À l’occasion de la réforme du système d’assurance chômage, le Premier ministre, Édouard Philippe, et la ministre du Travail, Muriel Pénicaud, ont annoncé la mise en place d’un système de bonus-malus qui va directement concerner les contrats courts établis dans le secteur de l’hôtellerie-restauration, comme dans six autres secteurs de l’économie : l’agroalimentaire, les activités scientifiques et techniques, les eaux et la gestion des déchets, le transport et l’entreposage, la fabrication de caoutchouc et de plastique, le travail du bois, de l’industrie du papier et l’imprimerie. Il faut noter au passage que le bâtiment et la santé, qui recourent eux aussi abondamment aux CDD, sont dispensés de ce bonus-malus. Cette mesure sera en vigueur dès le 1er janvier, mais ne s’appliquera pas aux entreprises de moins de 11 salariés. Elle concernera donc 38 000 entreprises, qui emploient 2,4 millions de personnes.

Le CDI est aujourd’hui devenu une denrée rare et 87 % des embauches se réalisent sous forme de CDD. Les employeurs ont largement recours à cette latitude de flexibilité. En dix ans, la durée moyenne d’un CDD a pratiquement été divisée par deux. Elle tourne aujourd’hui autour de quarante-cinq jours.

Le Gouvernement estime que le recours au CDD coûte cher à l’assurance chômage. Celle-ci intervient comme un filet de sécurité pour le salarié entre deux périodes d’activité. Certains experts estiment que cela engendre un coût de l’ordre de 8 milliards d’euros pour l’Unédic, d’où cette idée de distribution de bons et de mauvais points. Actuellement, le taux de prélèvement des entreprises des cotisations chômage des CDD s’établit à 4,05 % du salaire brut. Désormais, il sera variable. Plus les entreprises affichent un turnover de leurs employés supérieur à la moyenne du secteur, plus ils seront taxés. Mais le prélèvement ne pourra en aucun cas excéder 5 %. A contrario, les bons élèves pourront passer sous la barre actuelle des 4,05 % et voir leur cotisation baisser jusqu’au plancher de 3 %.

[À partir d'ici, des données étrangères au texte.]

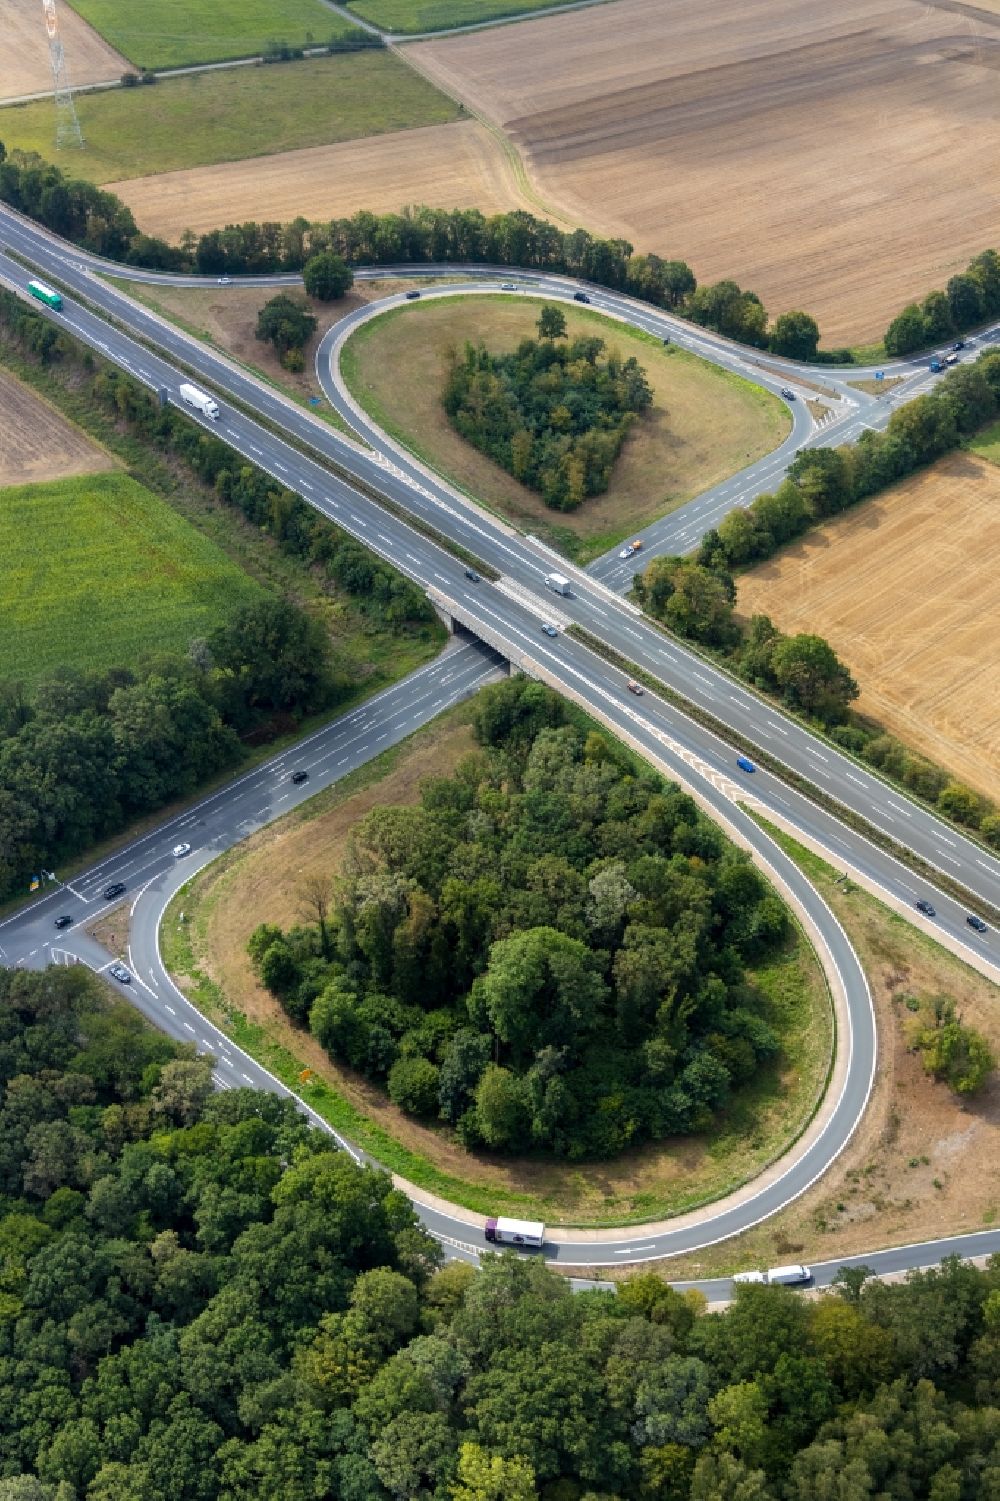 Werne from above - Routing and traffic lanes during the highway exit and access the motorway A 1 at the Nordlippestrasse in Werne in the state North Rhine-Westphalia, Germany

Côté patronat, la levée de boucliers est plutôt timide ; l’Umih salue cette « réforme qui doit faire évoluer le marché du travail, encourager le retour à l’emploi à travers un accompagnement des demandeurs d’emplois adapté aux territoires, baisser la précarité des salariés et faire des économies dans le budget de l’État », mais « regrette que cette réforme fasse supporter sur seulement sept secteurs le poids de la dette de l’assurance chômage en instaurant le bonus-malus. Cette mesure apparaît comme discriminatoire. Le recours au contrat court est inhérent au pic d’activité dans l’hôtellerie-restauration.

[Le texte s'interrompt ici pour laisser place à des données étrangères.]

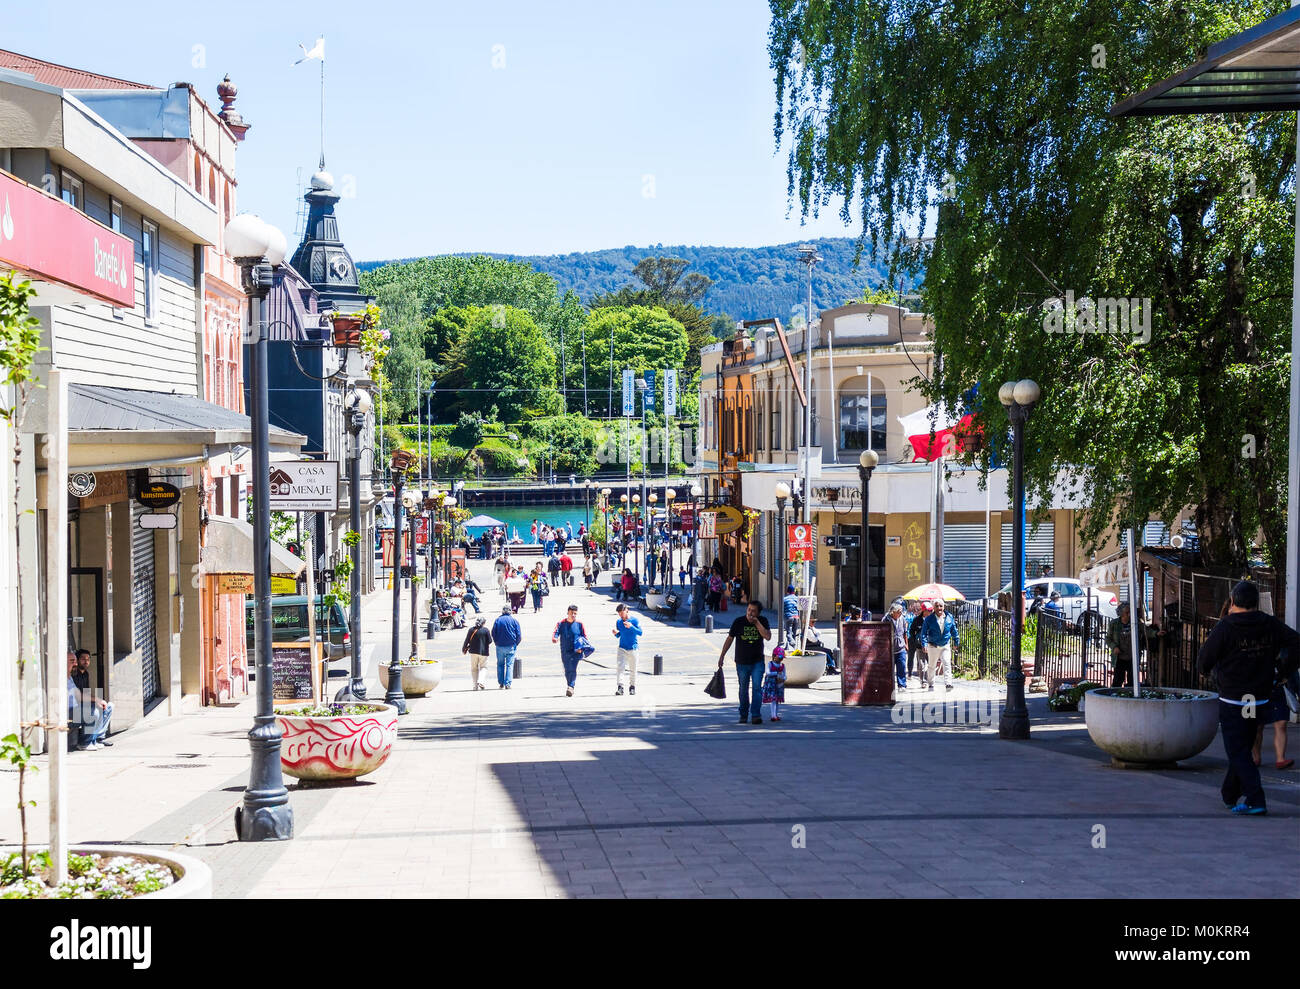 VALDIVIA, CHILE - OCTOBER 30, 2016: People walking down the pedestrian street Libertal in the center of Valdivia. This is the most beautiful and old p Stock Photo

Plus incisif, le GNI, dans un communiqué, évoque sa « colère » et son président Didier Chenet rappelle que la profession « n’a pas d’autres alternatives que de recourir à ces contrats courts, sauf à aller vers plus de précarité pour nos collaborateurs en les recrutant sous statut d’auto- entrepreneur, un statut où la protection sociale est réduite à peau de chagrin ». Il estime que cette taxe flottante va contribuer à une augmentation inévitable de la masse salariale : « Pour des entreprises comme les traiteurs organisateurs de réceptions et d’événements, c’est une attaque en règle contre leur compétitivité, car aujourd’hui, le marché est international. » On se souvient qu’il y a quelques mois, l’Umih avait proposé l’instauration d’un CDI de mobilité qui fonctionnerait autour d’une plate-forme permettant aux employeurs de trouver des réponses ponctuelles à leurs besoins de main-d’œuvre. Mais cette suggestion reste pour l’instant très hypothétique. Elle a au moins le mérite de montrer que la précarité engendrée par le recours trop fréquent aux CDD nuit à l’attractivité de la profession.